Commit-ID:  2d9f7144b84aac8be63e1c45cd248a5f7f67ed24
Gitweb:     http://git.kernel.org/tip/2d9f7144b84aac8be63e1c45cd248a5f7f67ed24
Author:     Srikar Dronamraju <srikar@linux.vnet.ibm.com>
AuthorDate: Tue, 16 Jun 2015 17:26:00 +0530
Committer:  Ingo Molnar <mingo@kernel.org>
CommitDate: Mon, 6 Jul 2015 15:29:55 +0200

sched/numa: Consider 'imbalance_pct' when comparing loads in numa_has_capacity()

This is consistent with all other load balancing instances where we
absorb unfairness upto env->imbalance_pct. Absorbing unfairness upto
env->imbalance_pct allows to pull and retain task to their preferred
nodes.

Signed-off-by: Srikar Dronamraju <srikar@linux.vnet.ibm.com>
Signed-off-by: Peter Zijlstra (Intel) <peterz@infradead.org>
Acked-by: Rik van Riel <riel@redhat.com>
Cc: Linus Torvalds <torvalds@linux-foundation.org>
Cc: Mel Gorman <mgorman@suse.de>
Cc: Peter Zijlstra <peterz@infradead.org>
Cc: Thomas Gleixner <tglx@linutronix.de>
Link: http://lkml.kernel.org/r/1434455762-30857-3-git-send-email-srikar@linux.vnet.ibm.com
Signed-off-by: Ingo Molnar <mingo@kernel.org>
---
 kernel/sched/fair.c | 5 +++--
 1 file changed, 3 insertions(+), 2 deletions(-)
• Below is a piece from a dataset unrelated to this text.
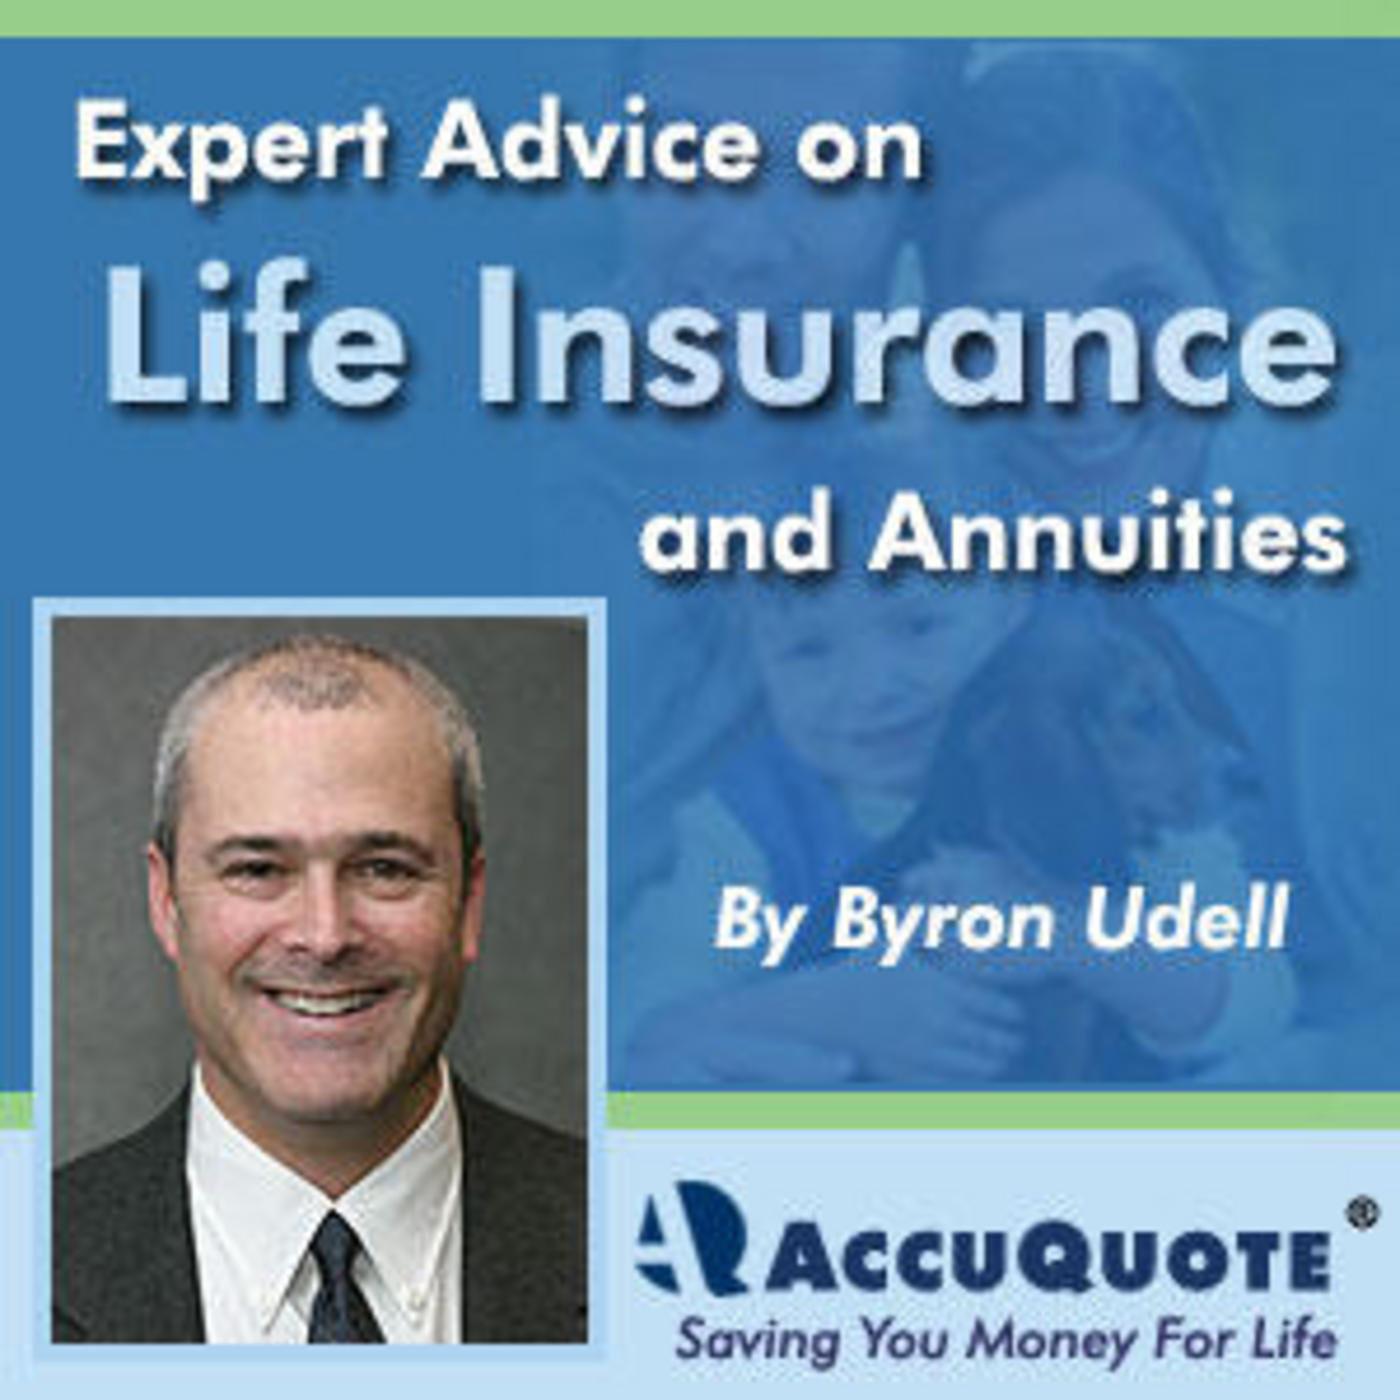 life annuities podcast © copyright 2000-2014 new york life insurance company, 51 madison avenue, new york, ny 10010.

diff --git a/kernel/sched/fair.c b/kernel/sched/fair.c
index 43ee84f..a53a610 100644
--- a/kernel/sched/fair.c
+++ b/kernel/sched/fair.c
@@ -1415,8 +1415,9 @@ static bool numa_has_capacity(struct task_numa_env *env)
 	 * --------------------- vs ---------------------
 	 * src->compute_capacity    dst->compute_capacity
 	 */
-	if (src->load * dst->compute_capacity >
-	    dst->load * src->compute_capacity)
+	if (src->load * dst->compute_capacity * env->imbalance_pct >
+
+	    dst->load * src->compute_capacity * 100)
 		return true;
 
 	return false;

^ permalink raw reply related	[flat|nested] 23+ messages in thread

* Re: [tip:sched/core] sched/numa:  Prefer NUMA hotness over cache hotness
  2015-07-06 15:50   ` [tip:sched/core] sched/numa: Prefer NUMA " tip-bot for Srikar Dronamraju
@ 2015-07-07  0:19     ` Srikar Dronamraju
  2015-07-08 13:31       ` Srikar Dronamraju
  0 siblings, 1 reply; 23+ messages in thread
From: Srikar Dronamraju @ 2015-07-07  0:19 UTC (permalink / raw)
  To: torvalds, riel, linux-kernel, tglx, hpa, mgorman, peterz, efault, mingo

* tip-bot for Srikar Dronamraju <tipbot@zytor.com> [2015-07-06 08:50:28]:

> Commit-ID:  8a9e62a238a3033158e0084d8df42ea116d69ce1
> Gitweb:     http://git.kernel.org/tip/8a9e62a238a3033158e0084d8df42ea116d69ce1
> Author:     Srikar Dronamraju <srikar@linux.vnet.ibm.com>
> AuthorDate: Tue, 16 Jun 2015 17:25:59 +0530
> Committer:  Ingo Molnar <mingo@kernel.org>
> CommitDate: Mon, 6 Jul 2015 15:29:55 +0200
>
> sched/numa: Prefer NUMA hotness over cache hotness

In the above commit, I missed a fact that sched feature NUMA was used to
enable/disable NUMA_BALANCING. The below version of the same patch takes
care of this fact. While I am posting the fixed version, it would need a
revert of the above commit. Please let me know if you just want the
differential patch that can apply on top of the above commit.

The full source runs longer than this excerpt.